The robust methodological framework presented in the paper includes random sampling of functions, rigorous manual labeling, and validation processes. The study meticulously investigated 300 functions, revealing significant label inaccuracies and context dependency. Impressively, the manual labeling achieved substantial agreement with a Cohen Kappa value of 0.7, reinforcing the credibility of their findings.

One striking result from the empirical study is that the vulnerability of over 90% of functions could not be accurately determined without considering broader contexts. This empirically questions the soundness of utilizing isolated functions for vulnerability detection, as it overlooks the essential code-context interactions that manifest real security threats.

Implications for ML4VD and Future Directions

The implications of this study are multifold. The findings directly question the internal validity of a large body of ML4VD literature, suggesting that high reported accuracies are often artifacts of spurious correlations rather than genuine vulnerability detection capabilities. By training a Gradient Boosting Classifier on simple word counts, the authors highlighted that high classification performance could be achieved even when critical code structure information was disregarded. This underscores the susceptibility of current benchmarks to spurious feature exploitation.
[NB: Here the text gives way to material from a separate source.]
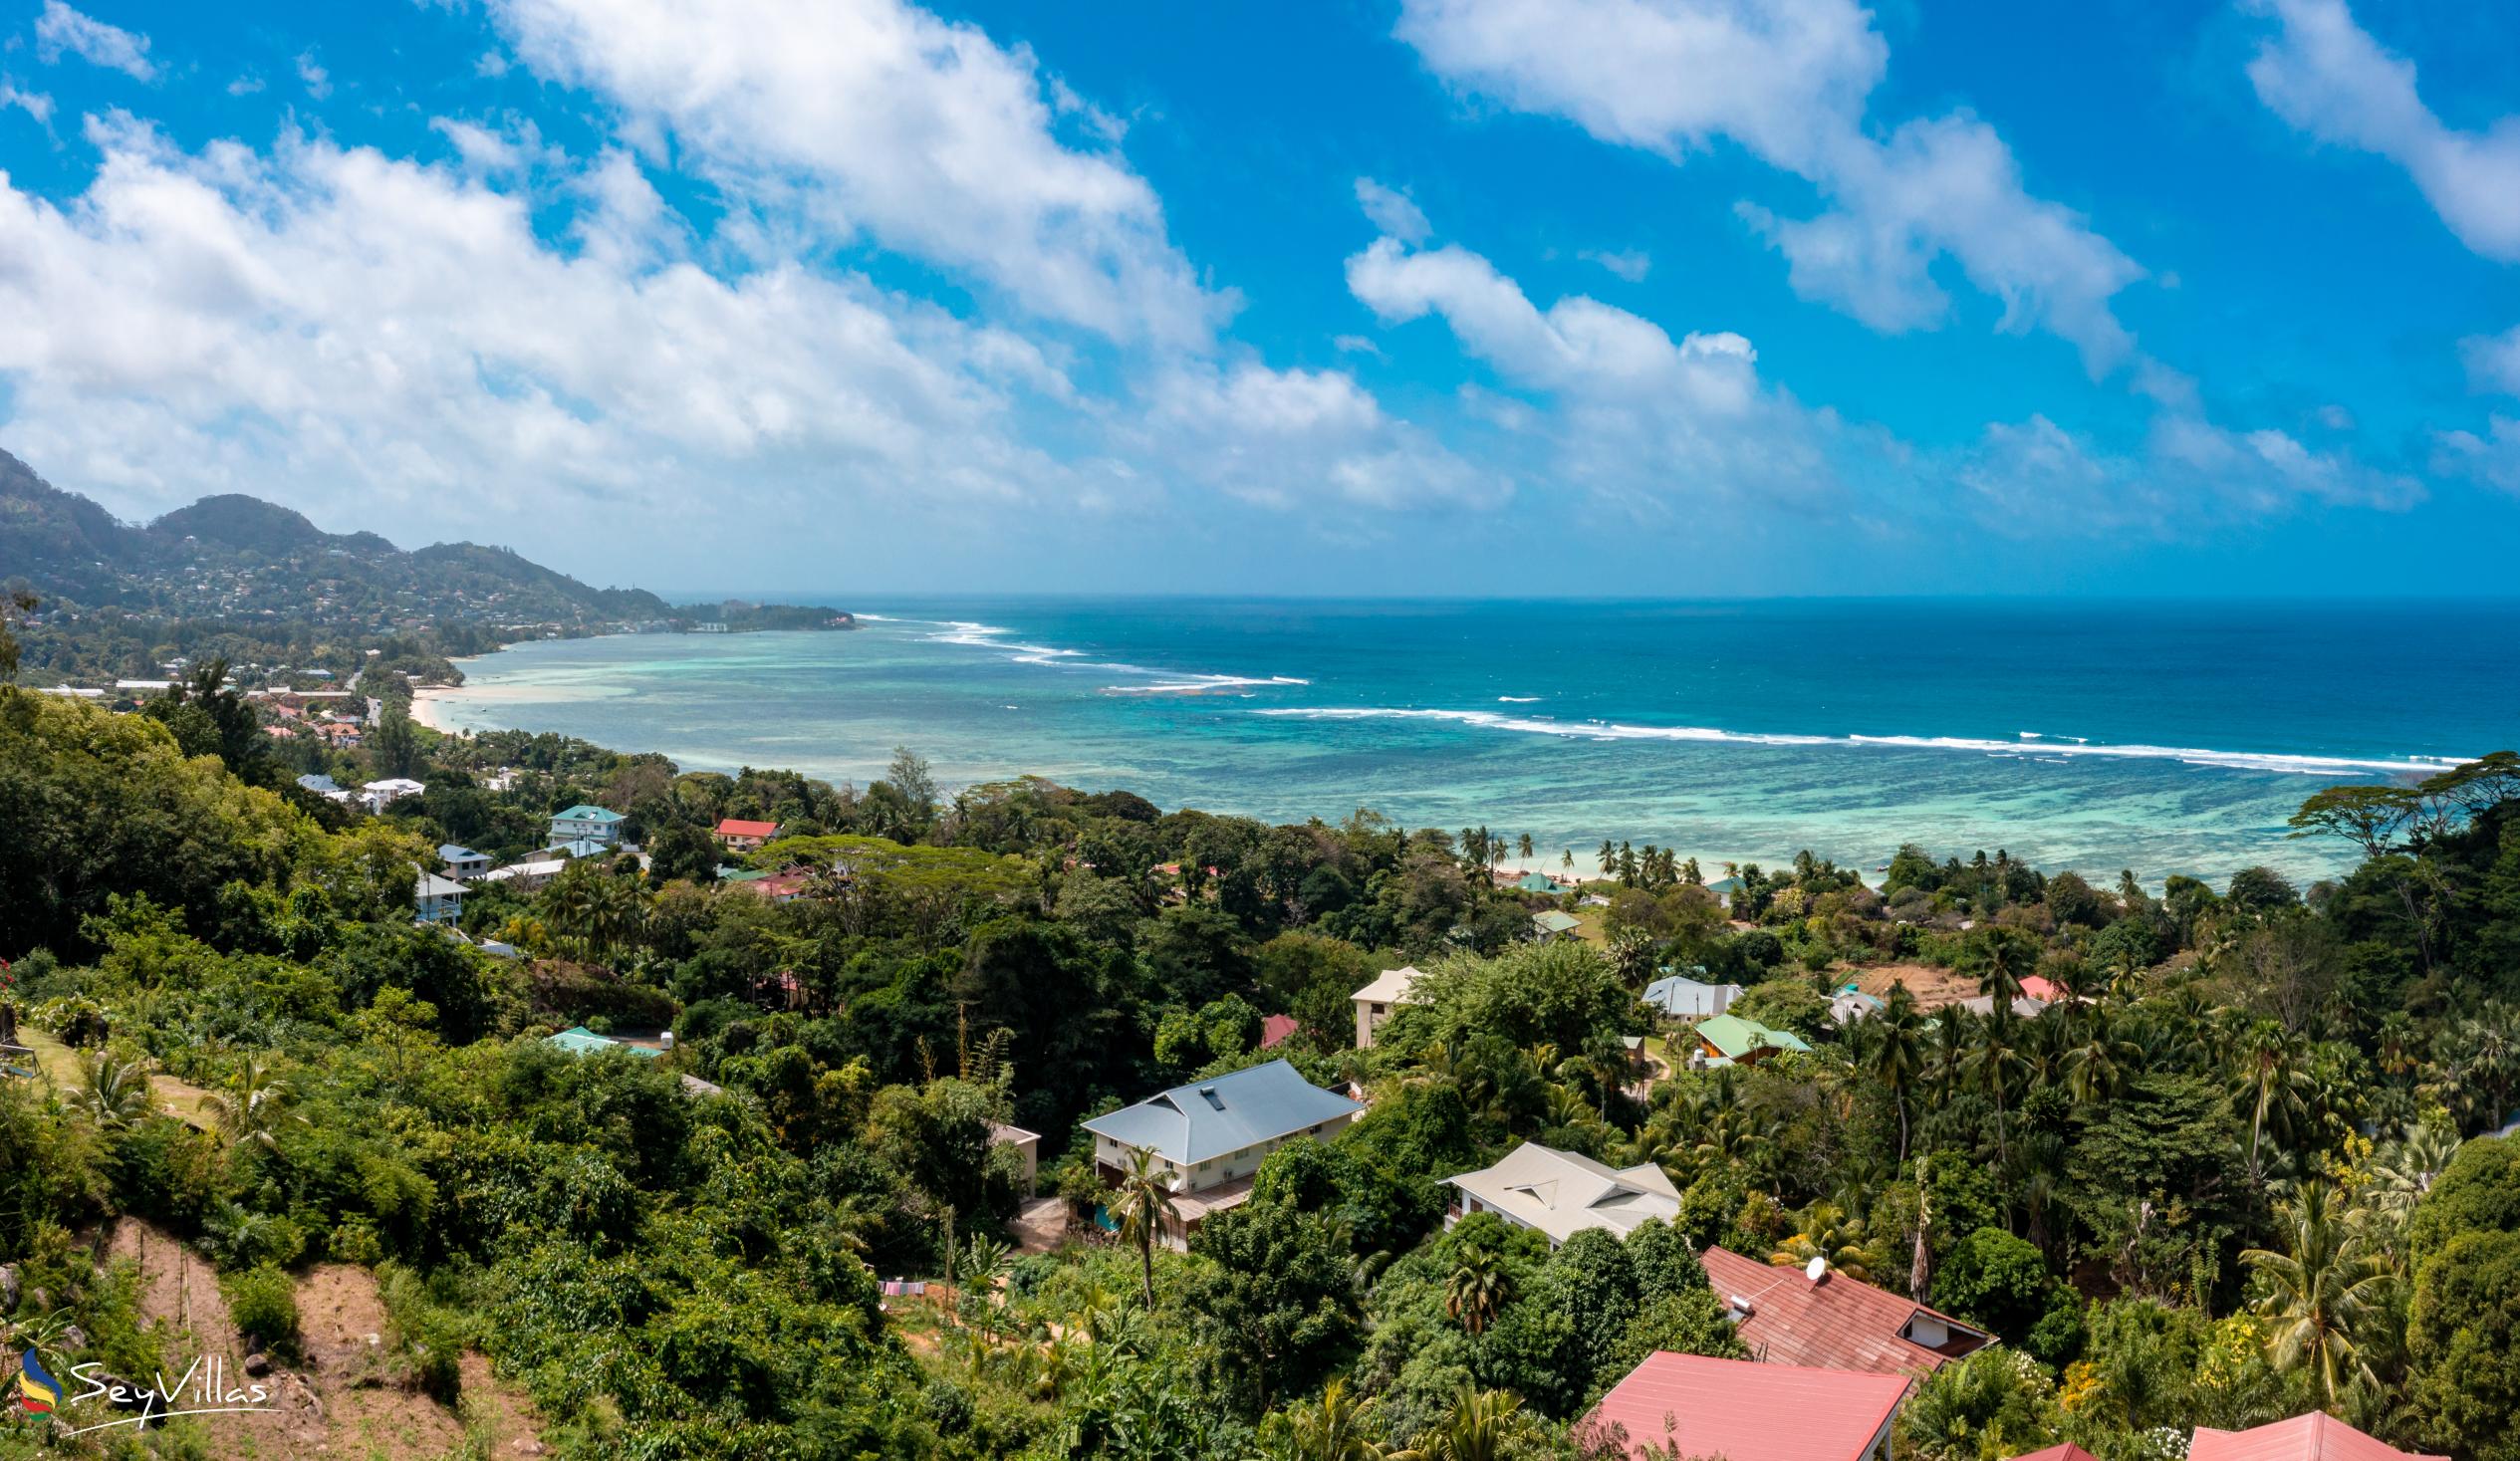 Foto 4: East Horizon - Aussenbereich - Mahé (Seychellen)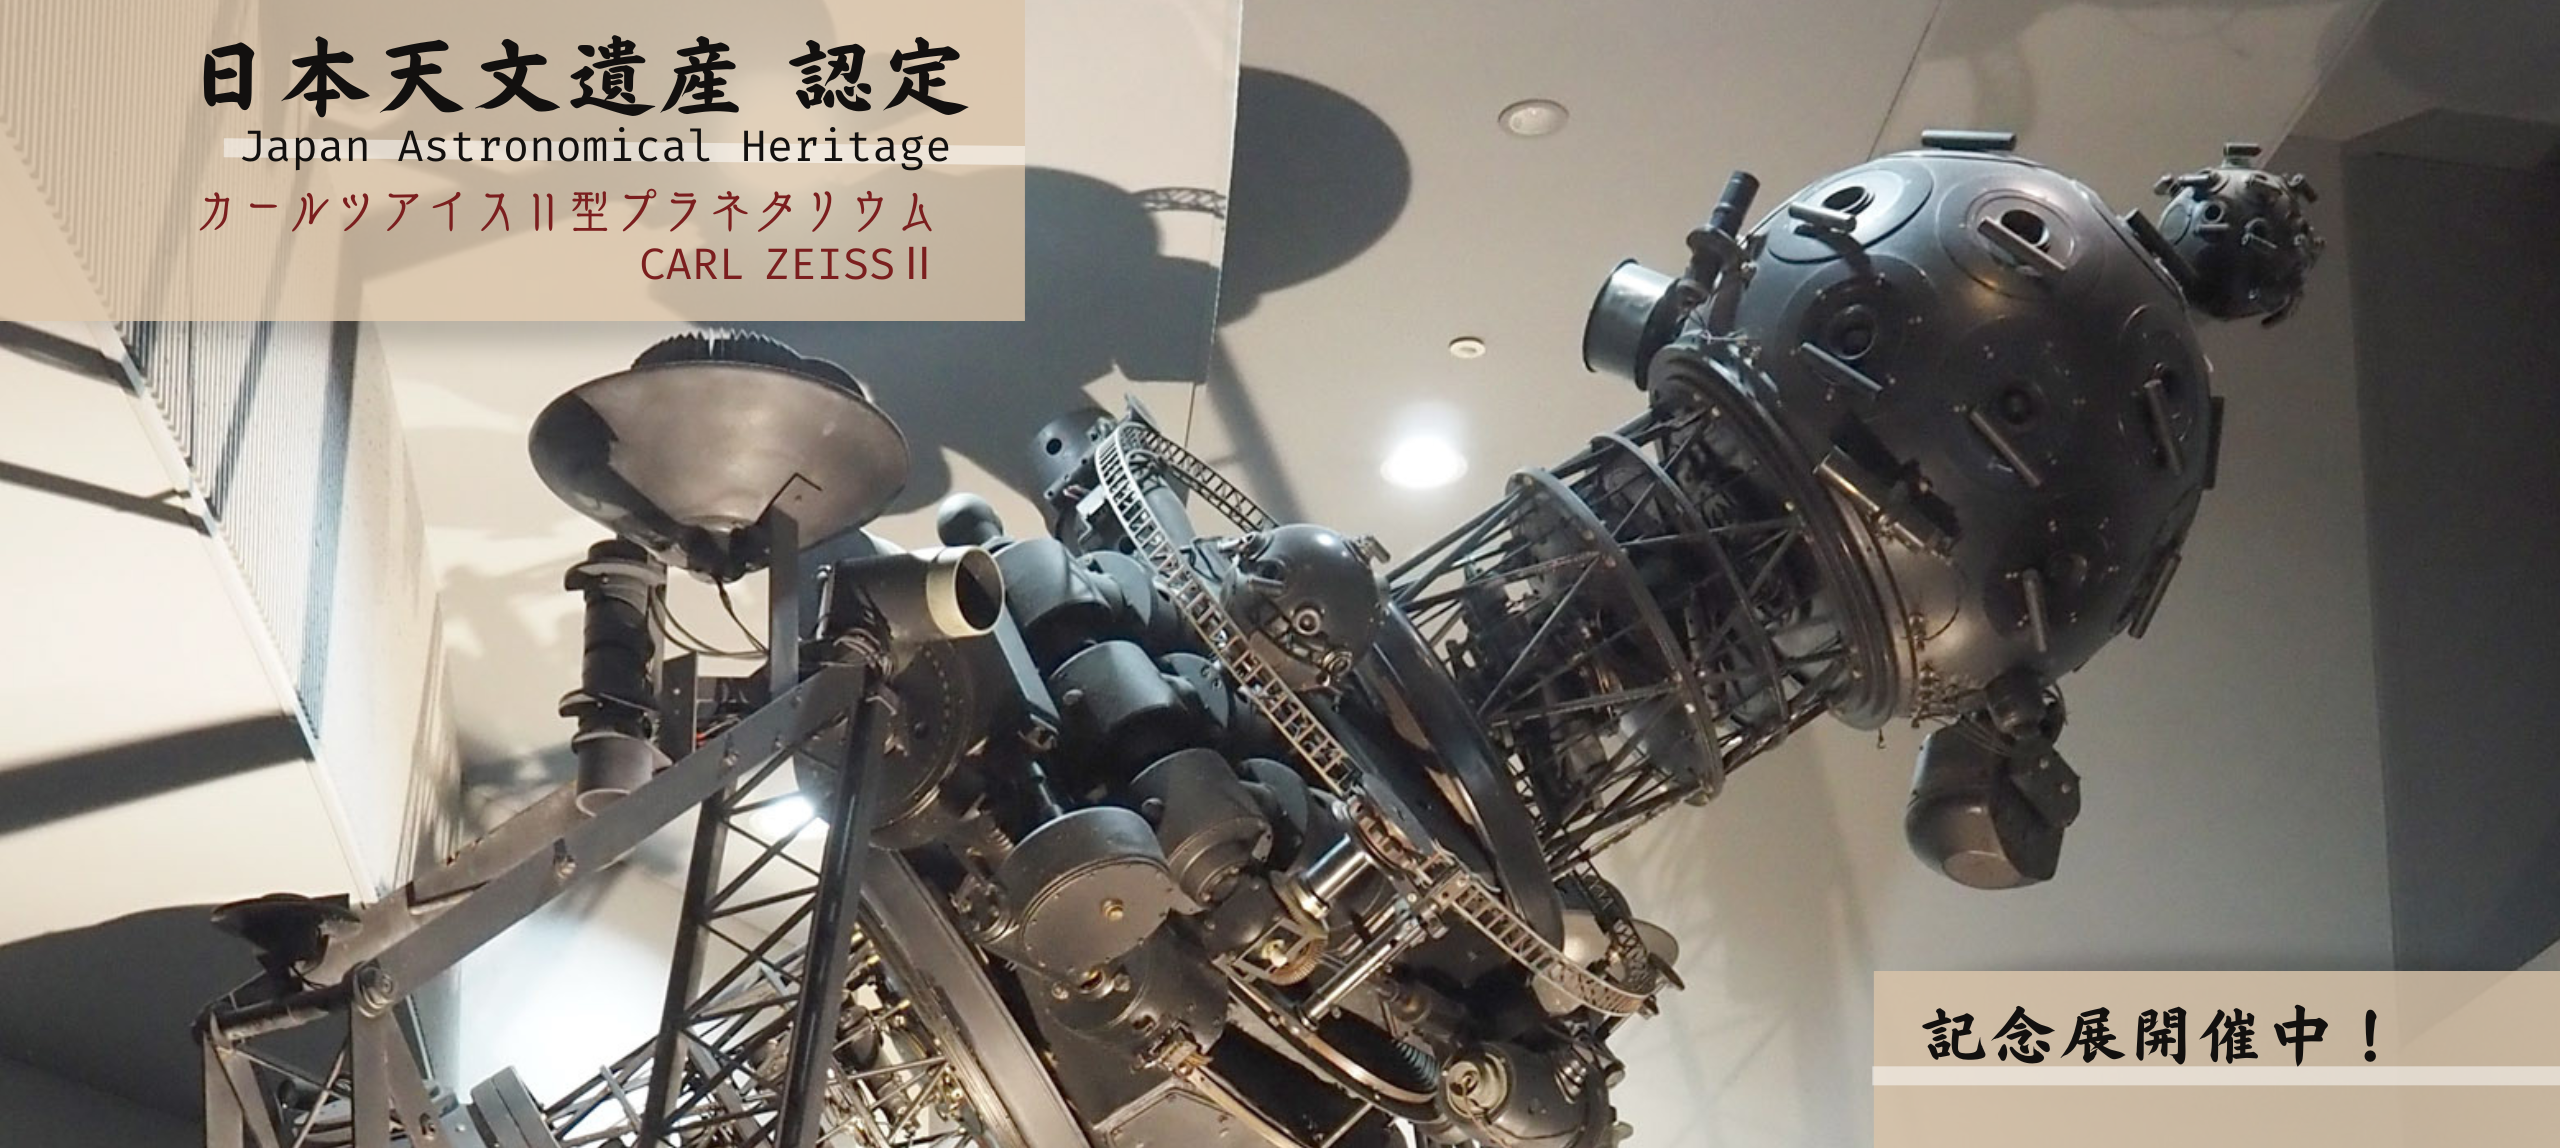 カールツアイスⅡ型プラネタリウム　日本天文遺産認定記念展

For the field to progress towards meaningful evaluation and genuine vulnerability detection, the authors propose several alternatives:

• Abstention-based Classification: Rather than forcing a binary classification, allowing ML models to abstain from making a decision on context-dependent cases could pave the way for more credible results.
• Higher Granularities: Leveraging file-level or module-level contexts might provide a more holistic view, though this approach still necessitates empirical validation for robustness.
• Context-Conditional Classification: Integrating a broader repository-level context during evaluation might address the core dependency issues.

Future Research

The paper steers future research towards context-aware methodologies that reflect the hierarchical and interconnected nature of software systems. The move towards context-generating techniques and the inclusion of comprehensive execution environments in the training and evaluation of ML models are particularly intriguing. Such advancements would mark a significant shift from traditional ML4VD paradigms, promoting techniques that can truly detect vulnerabilities in real-world settings.

Conclusion

Risse and Böhme's work delivers a critical and insightful discourse on the foundational assumptions underlying current ML4VD research. By empirically proving the inadequacy of function-level binary classification for vulnerability detection, they offer a compelling case for the reevaluation and redefinition of benchmarking methodologies in this domain. The proposed directions for future research hold promise for advancing the reliability and robustness of ML4VD, ensuring that empirical evaluations genuinely reflect the models' capabilities to safeguard software systems against vulnerabilities.